Richard Hunt, Chair of CLOA, announced "In many ways this is remarkable set of results. Against the background of a sustained period of a shrinking UK economy a squeeze on lending, and local authority spending reductions, these headline figures reflect a truly resilient sector that has continued to invest, innovate and appreciate market change and opportunity in difficult times. The fact that membership numbers continue to grow is encouraging for the sector ahead of the potential for a 2012 Olympic health and fitness legacy.

“It is very positive to see that both the market value and the number of health and fitness facilities have grown over the last year,” said Craig McAteer, Chair of sporta, which represents more than 100 leisure and cultural trusts, managing over 900 sites on behalf of local authorities across the UK.

“But what’s more encouraging is that membership levels have exceeded this growth. It is heartening to see that members of the public still make a high priority of their health during these difficult economic times; and sporta members aim to support the health, fitness and wellbeing of the local communities we serve on a daily basis by offering a wide variety of affordable and accessible facilities, activities and programmes”.

Simon Johnson, Chief Executive of BISL, commented
“As the new CEO of Business In Sport and Leisure (BISL) I recognise how our members are contributing to what the last Government was so fond of calling the ‘Golden Decade of Sport’. Architects including S&P, many consultants and contractors of family firms like Wilmott Dixon, National Governing Bodies of Swimming, Tennis and Rugby, leisure management contractors DC Leisure, Leisure Connection and SERCO and the database specialists and authors of this report The Leisure Database Company are all working to help develop new sports and leisure sites and improve existing infrastructure. This in turn encourages more people to be more active using more and better facilities - a key policy aim and one which unites all of BISL’s sports members. The government, via the Olympic bid team, promised a sporting legacy and our members have been working, often in wide effective partnerships, on the delivery.


Reading this annual report on the fitness industry I’m pleased to see so many of our members, directly and indirectly are already delivering. In difficult economic times it is wonderful to see innovation and investment going into the sports, and ‘health and fitness’ industries that touch not just the 12.1% of the population who are live members but all those who are motivated and challenged to ride, run and play a multitude of sports and physical activities. It seems that many of those who are participating now view exercise as an investment, possibly the best sort of investment in a recession.”

Joe Moore, President and CEO of IHRSA said, “This information shows the resilience of this wonderful industry. Club operations are becoming more productive by doing more while carefully managing expenses. Yes, the industry is under pressure, but is reacting magnificently.”
Herman Rutgers, EHFA (European Health & Fitness Association- Brussels), remarked, “We need to do a better job of listening to the needs and wants of our customers and potential customers. With a penetration of only 12% we can hardly speak of a saturated market”.

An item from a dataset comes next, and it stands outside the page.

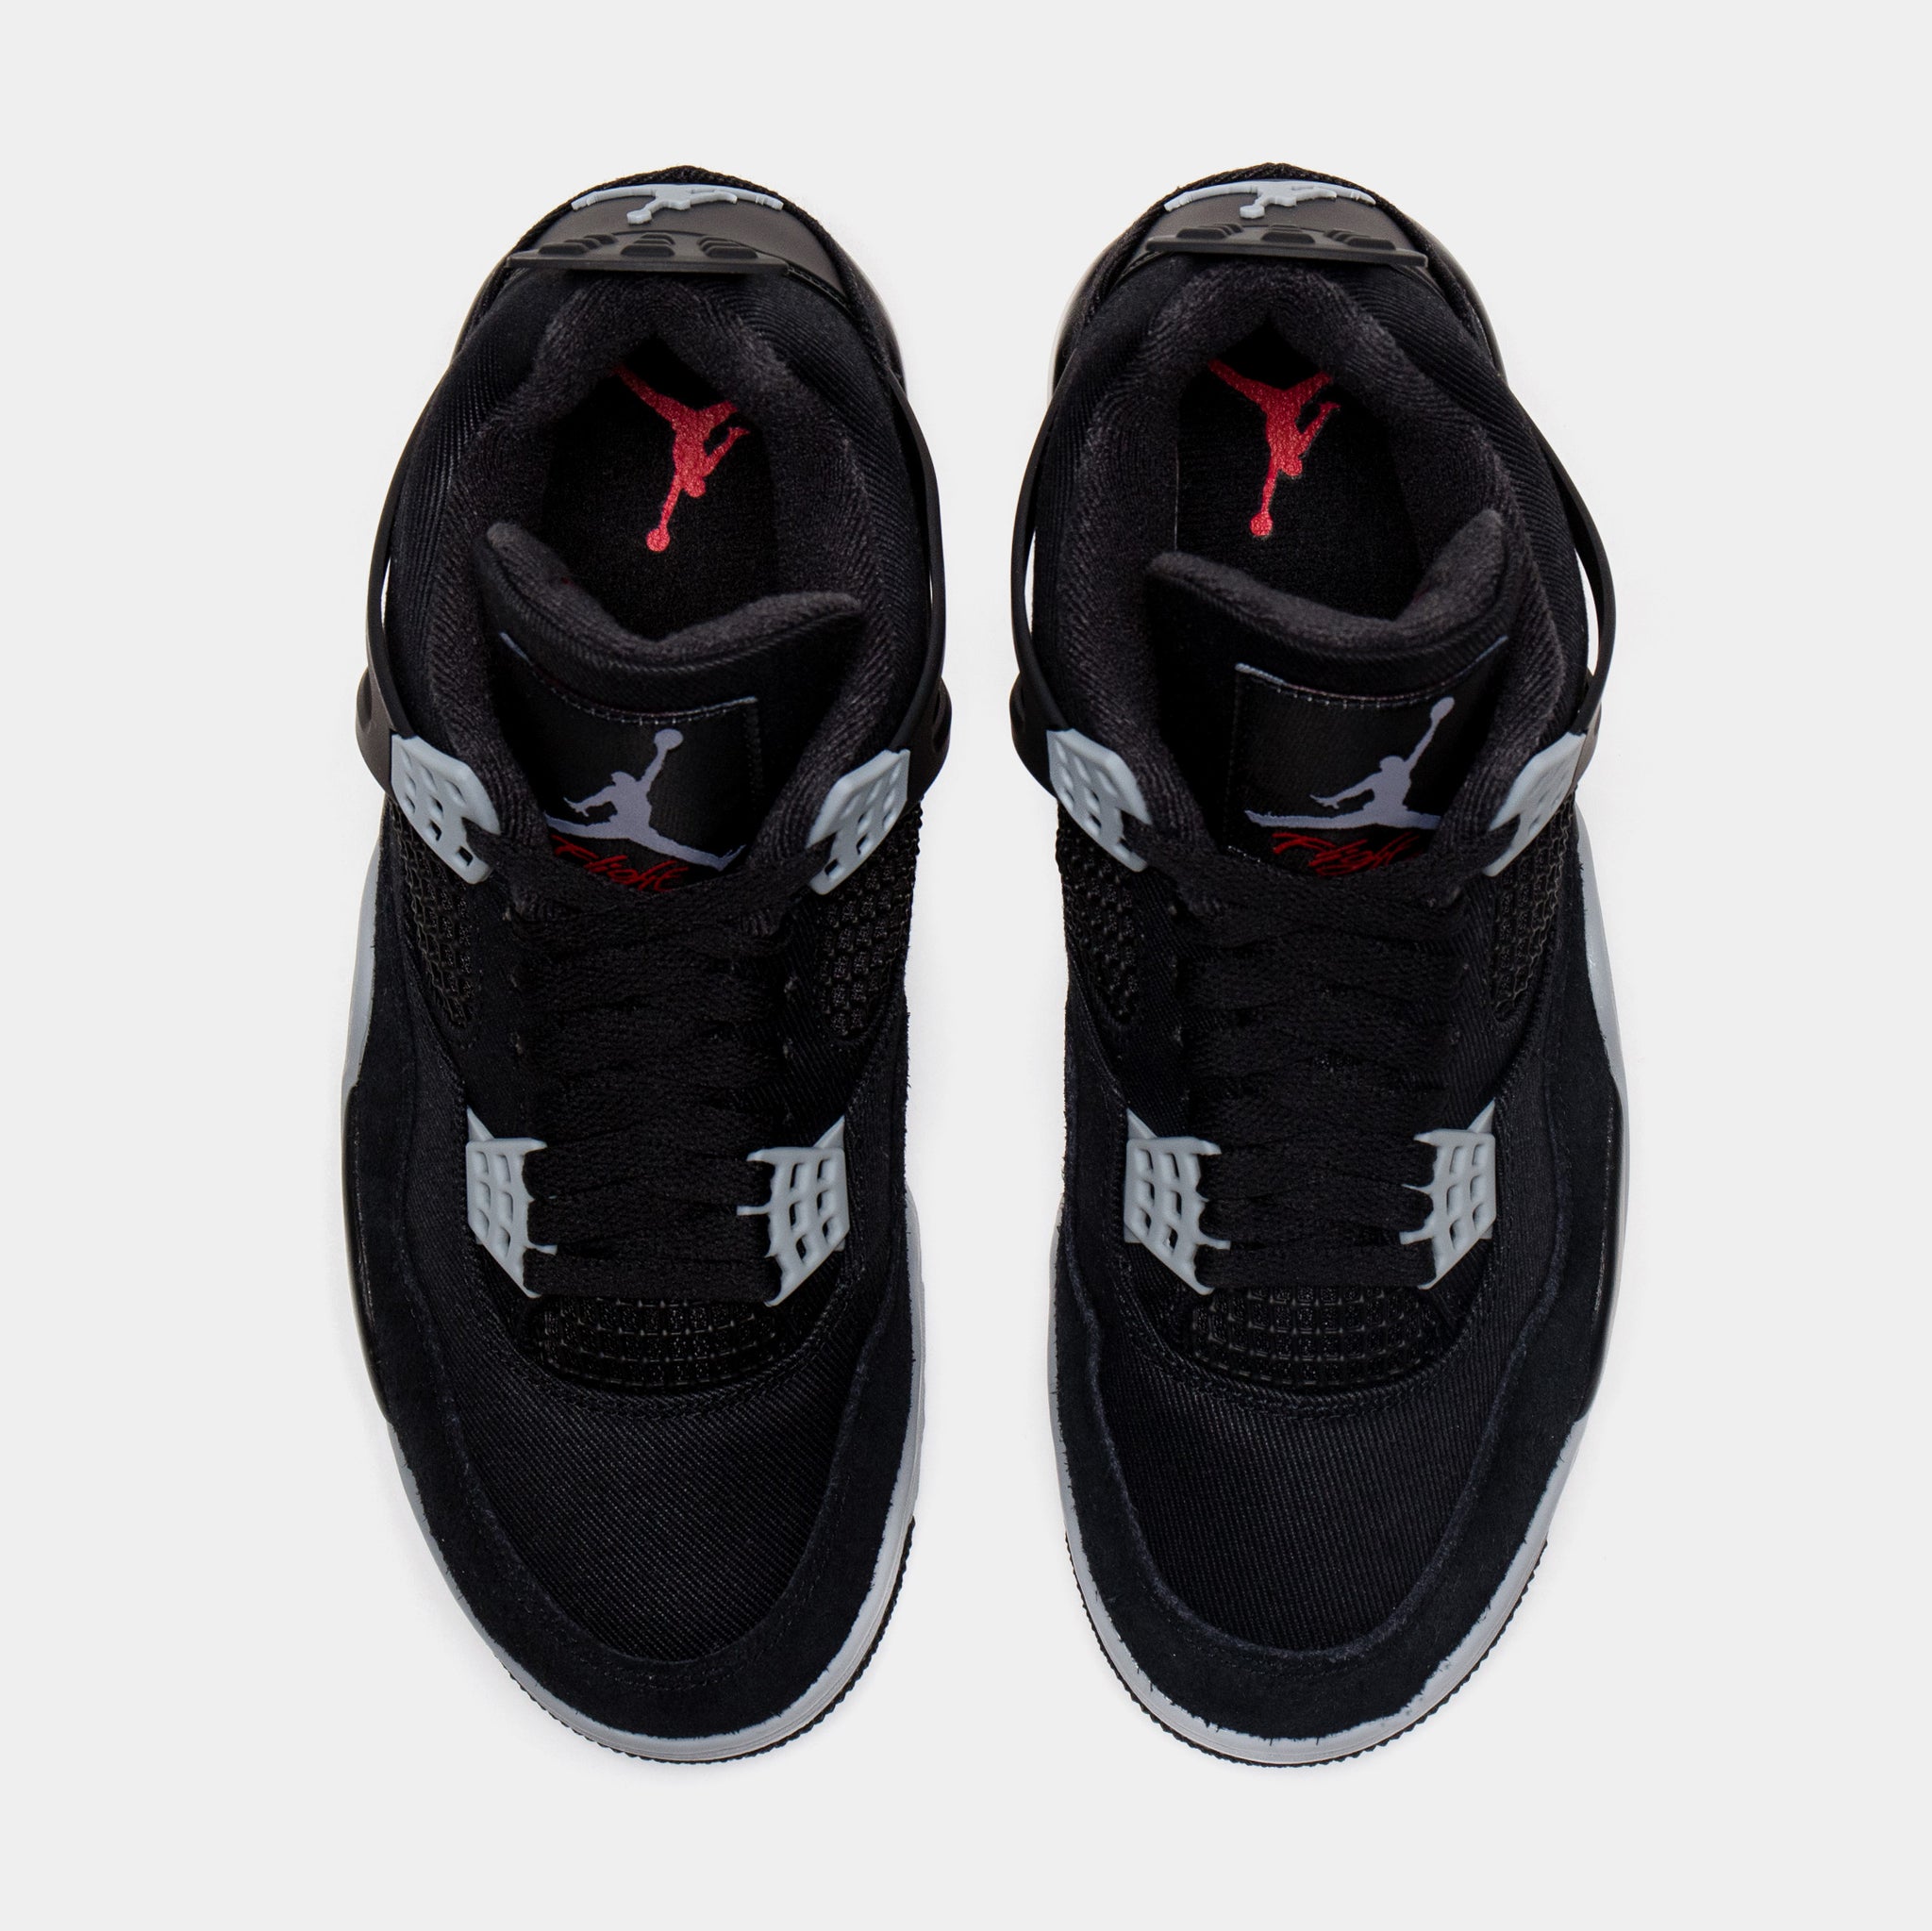 Jordan Air Jordan 4 SE Black Canvas Mens Lifestyle Shoes Black
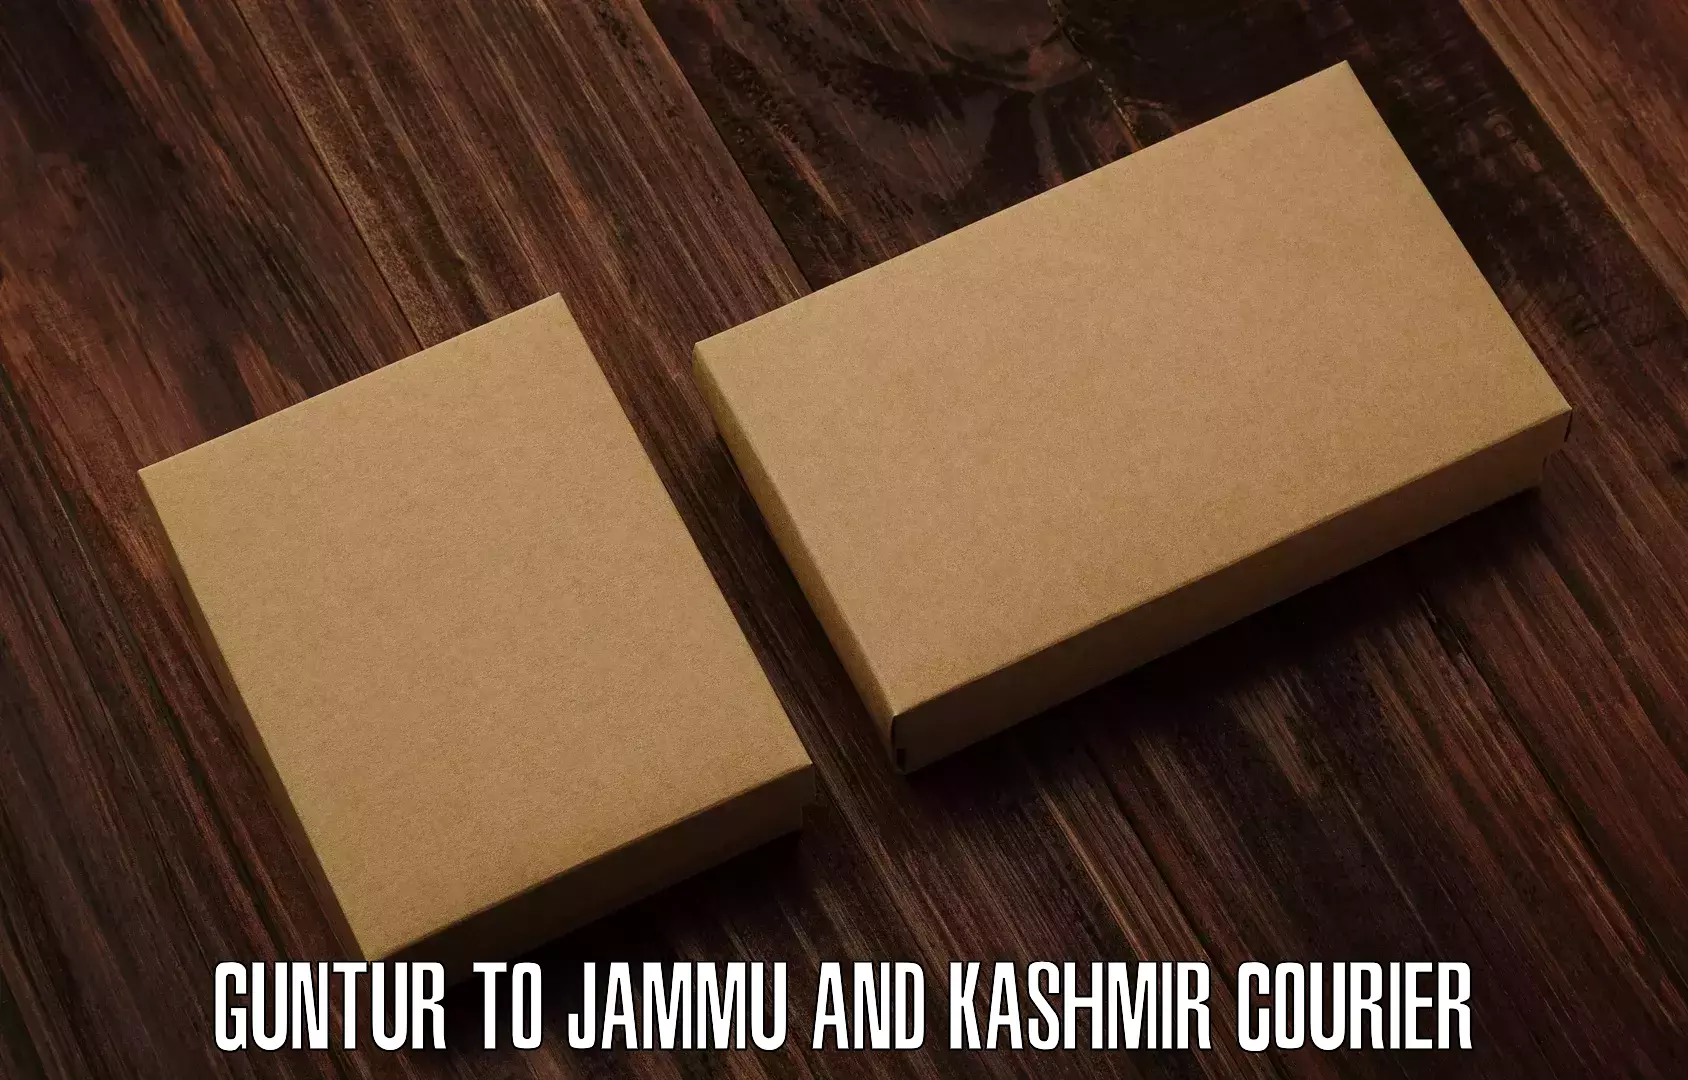 Courier service efficiency Guntur to Jammu and Kashmir

Damian Lord, Knowledge Manager at Future Foundation, commented, “The key word for fitness consumers in the year ahead is efficiency; namely financial efficiency and efficient exercise. According to nVision (Spring 2012), more than 50% believe that the state of the British economy will worsen over the next 12 months. However, there is a more positive outlook in regard to spending expectations: 41% believe that the amount they spend in general will increase (a rise of 14% from 2010)”.